Information supplied:
..........
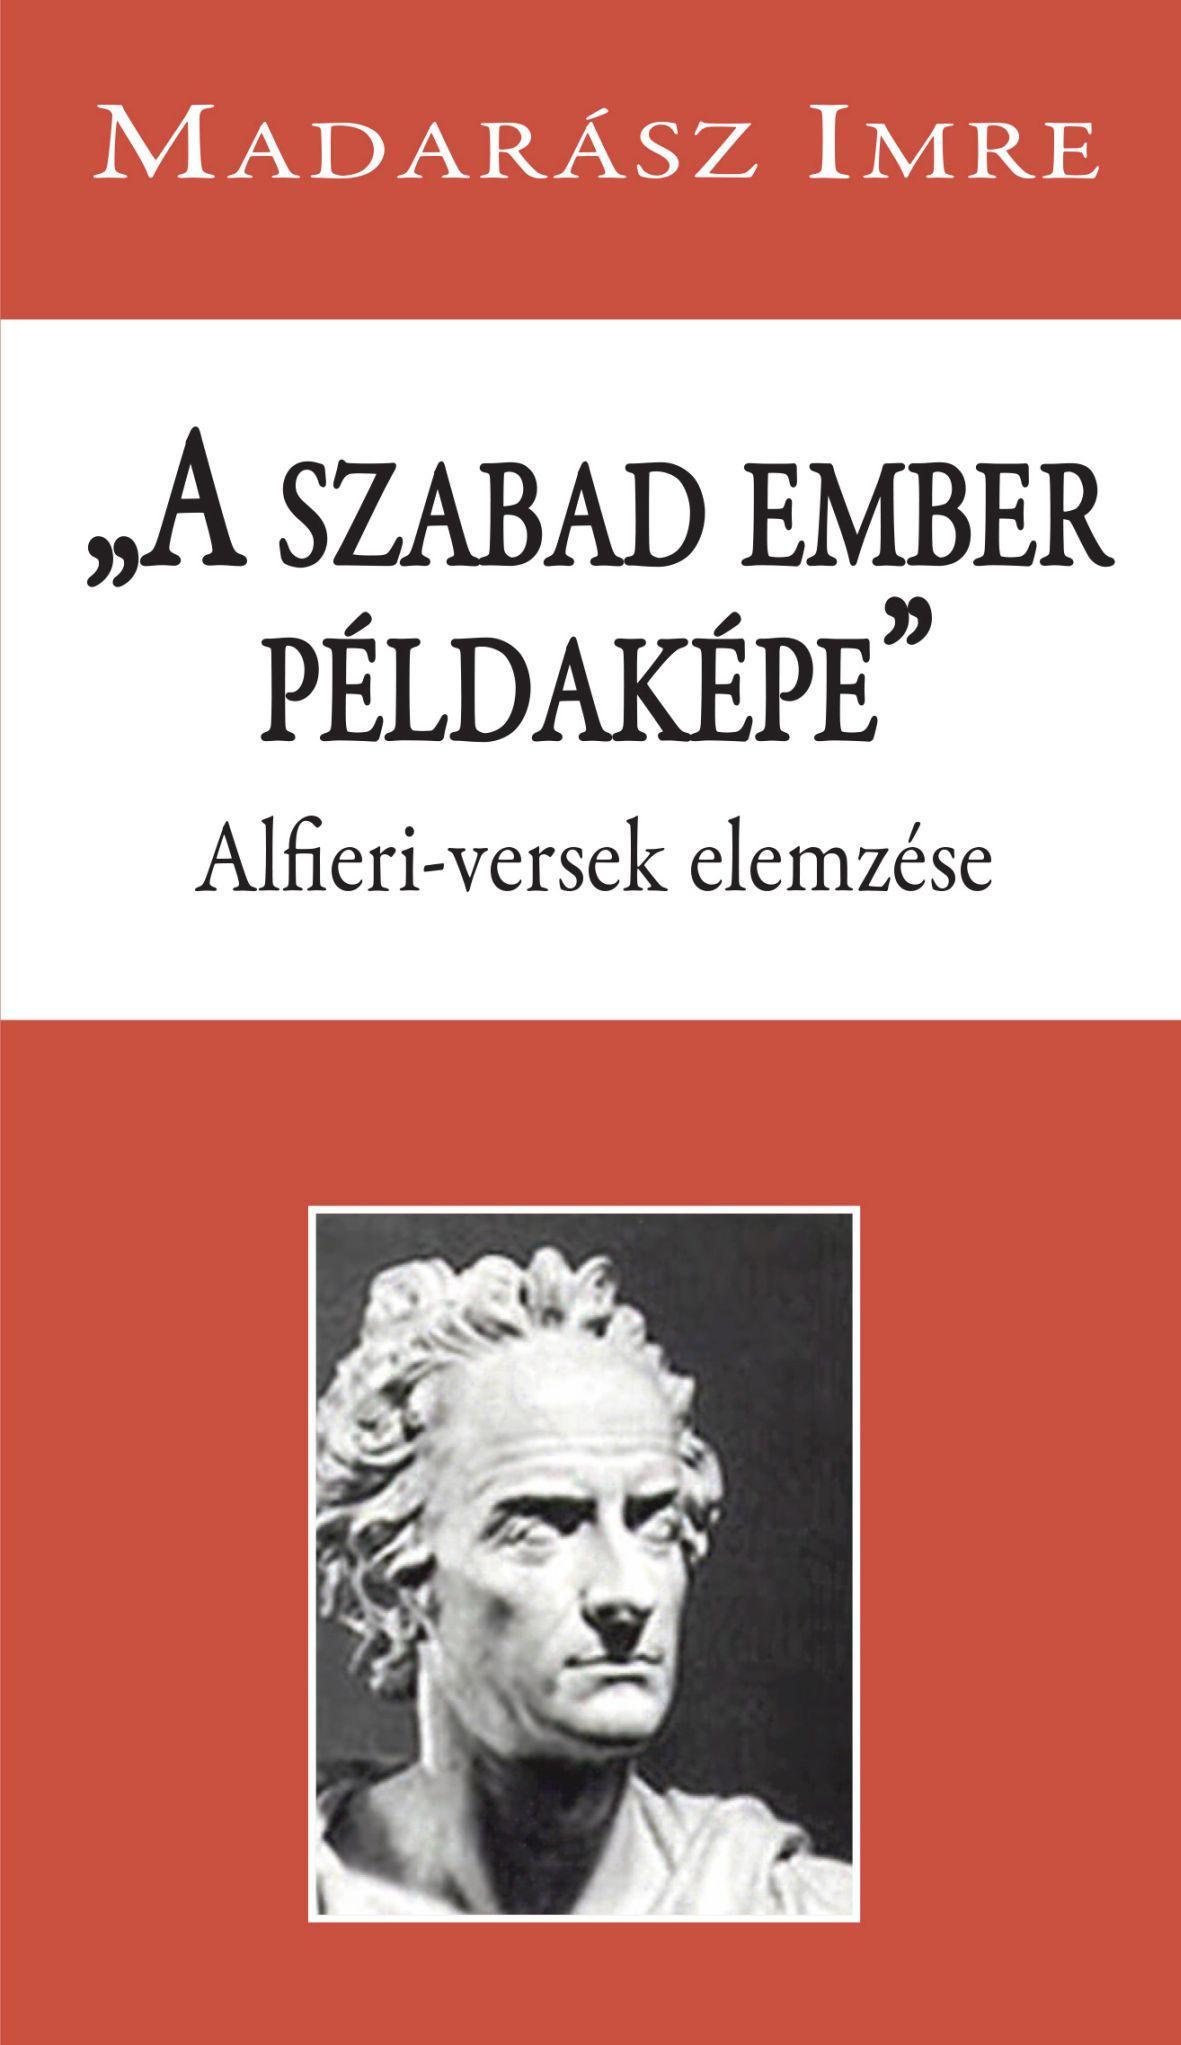 A SZABAD EMBER PÉLDAKÉPE - ÜKH 2018
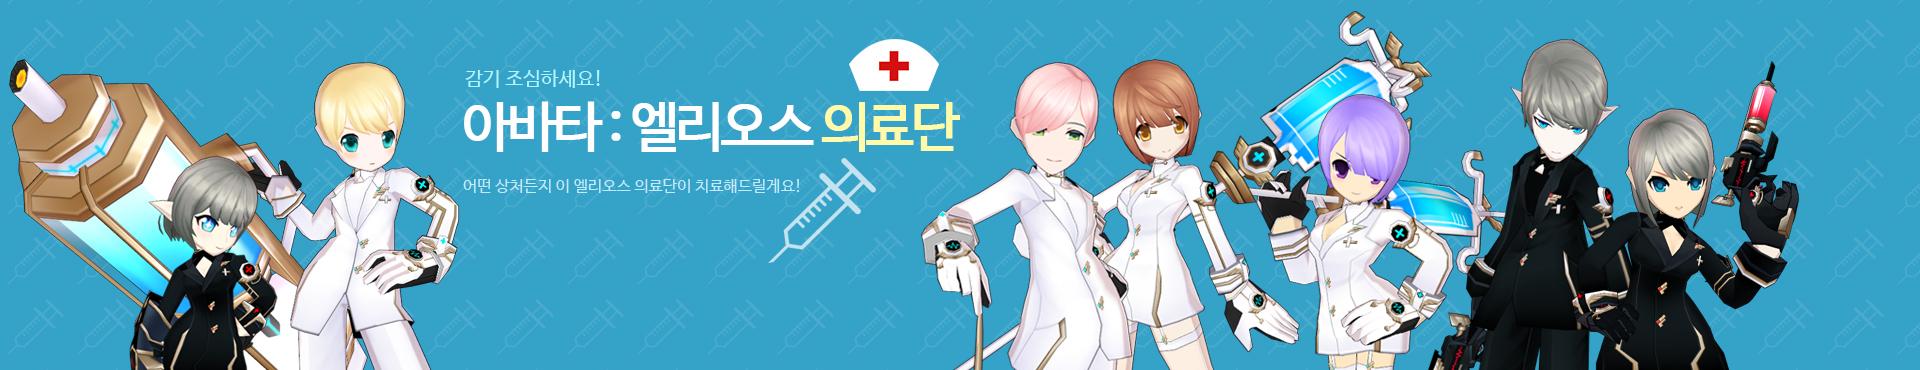 엘리오스 의료단
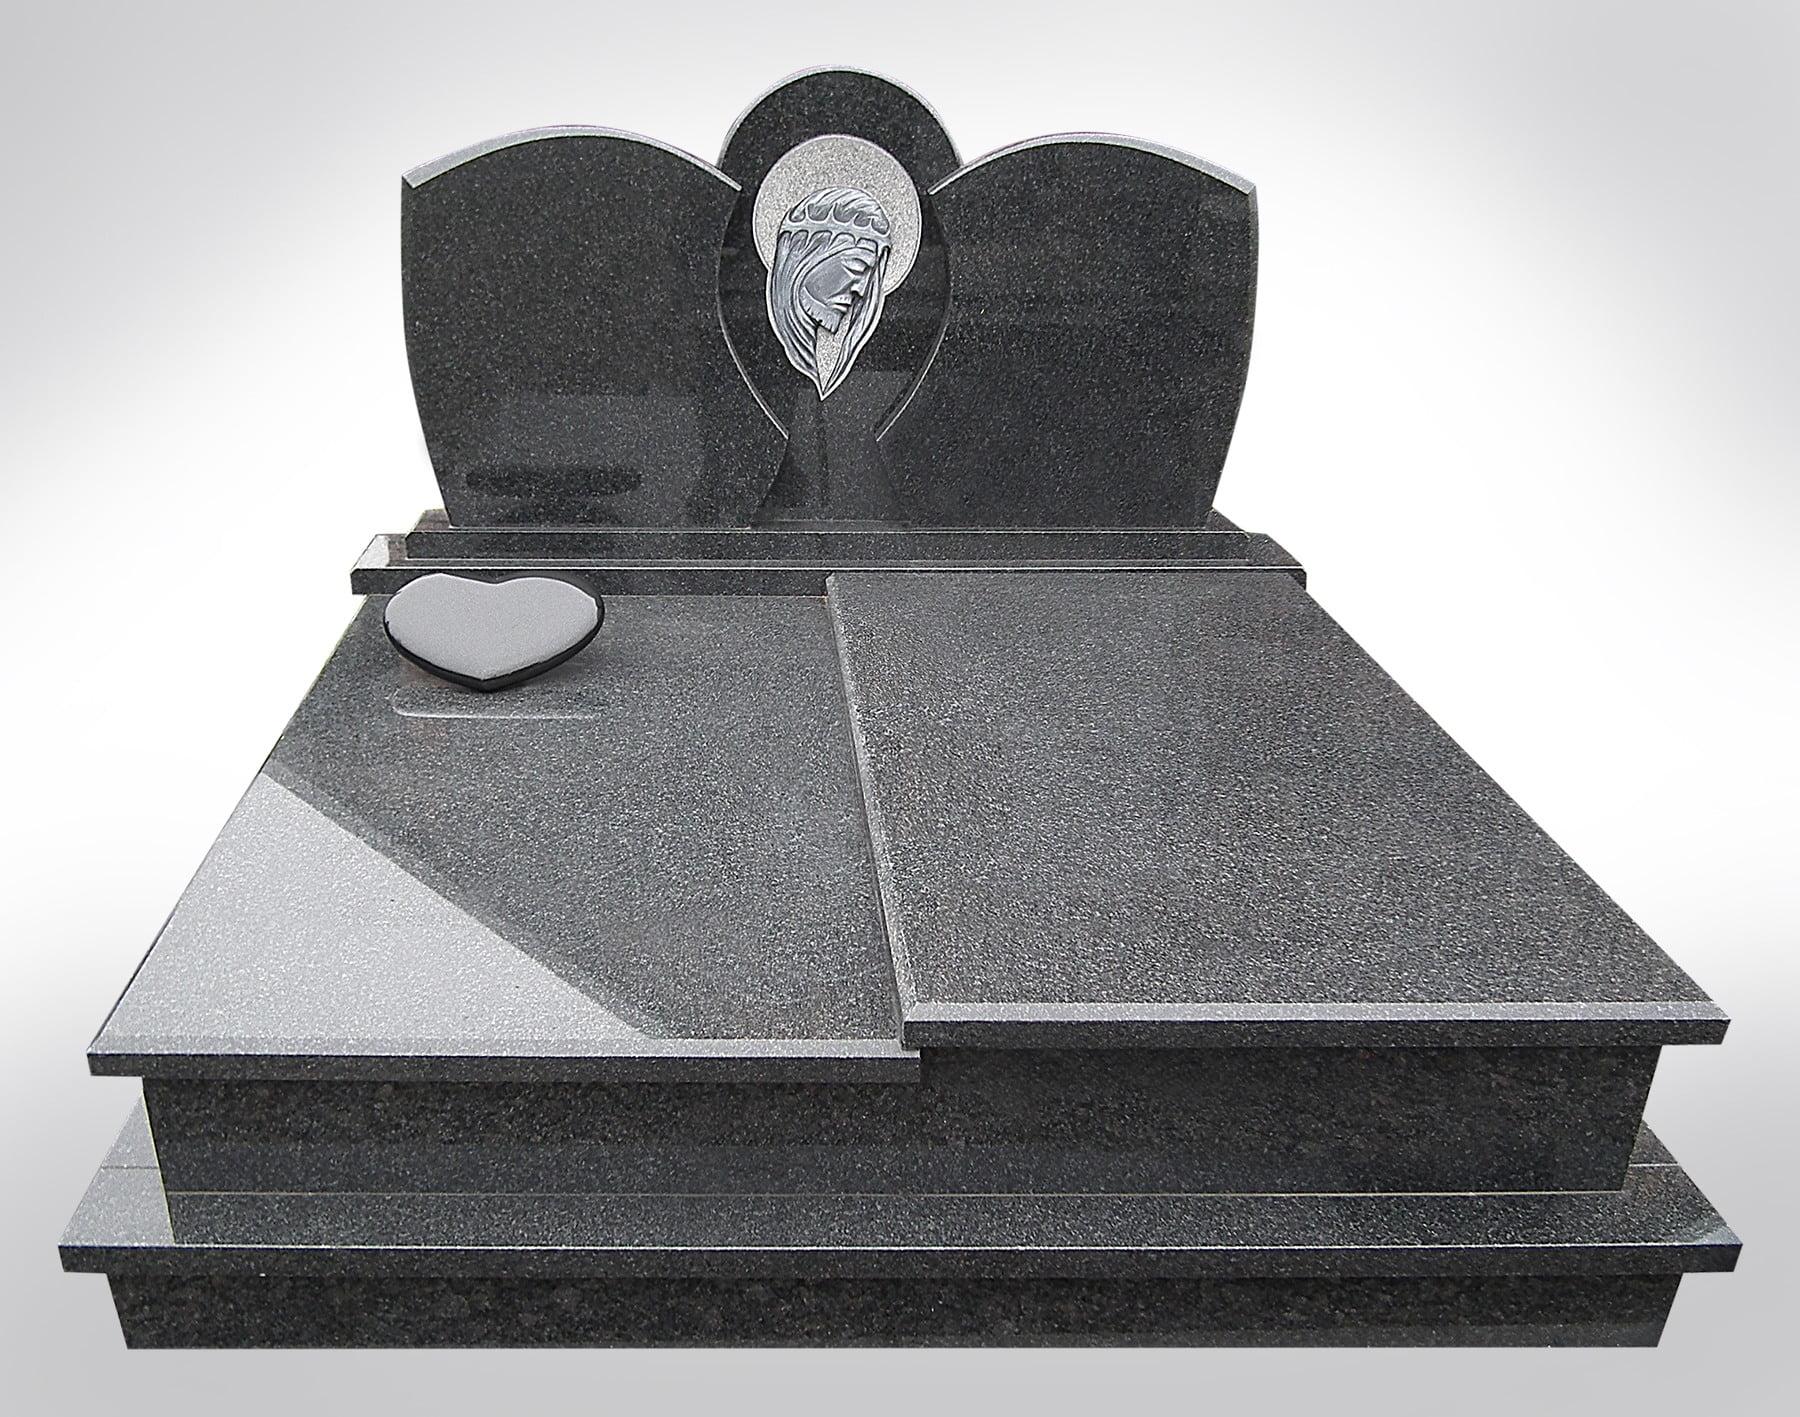 Podwójny nagrobek marmurowy, czarny - Nagrobki podwójne Bielsko-Biała
..........
The task: Give every line of the data above again as it stands; the pictures stay out.

Exercise result:
 A SZABAD EMBER PÉLDAKÉPE - ÜKH 2018
 엘리오스 의료단
 Podwójny nagrobek marmurowy, czarny - Nagrobki podwójne Bielsko-Biała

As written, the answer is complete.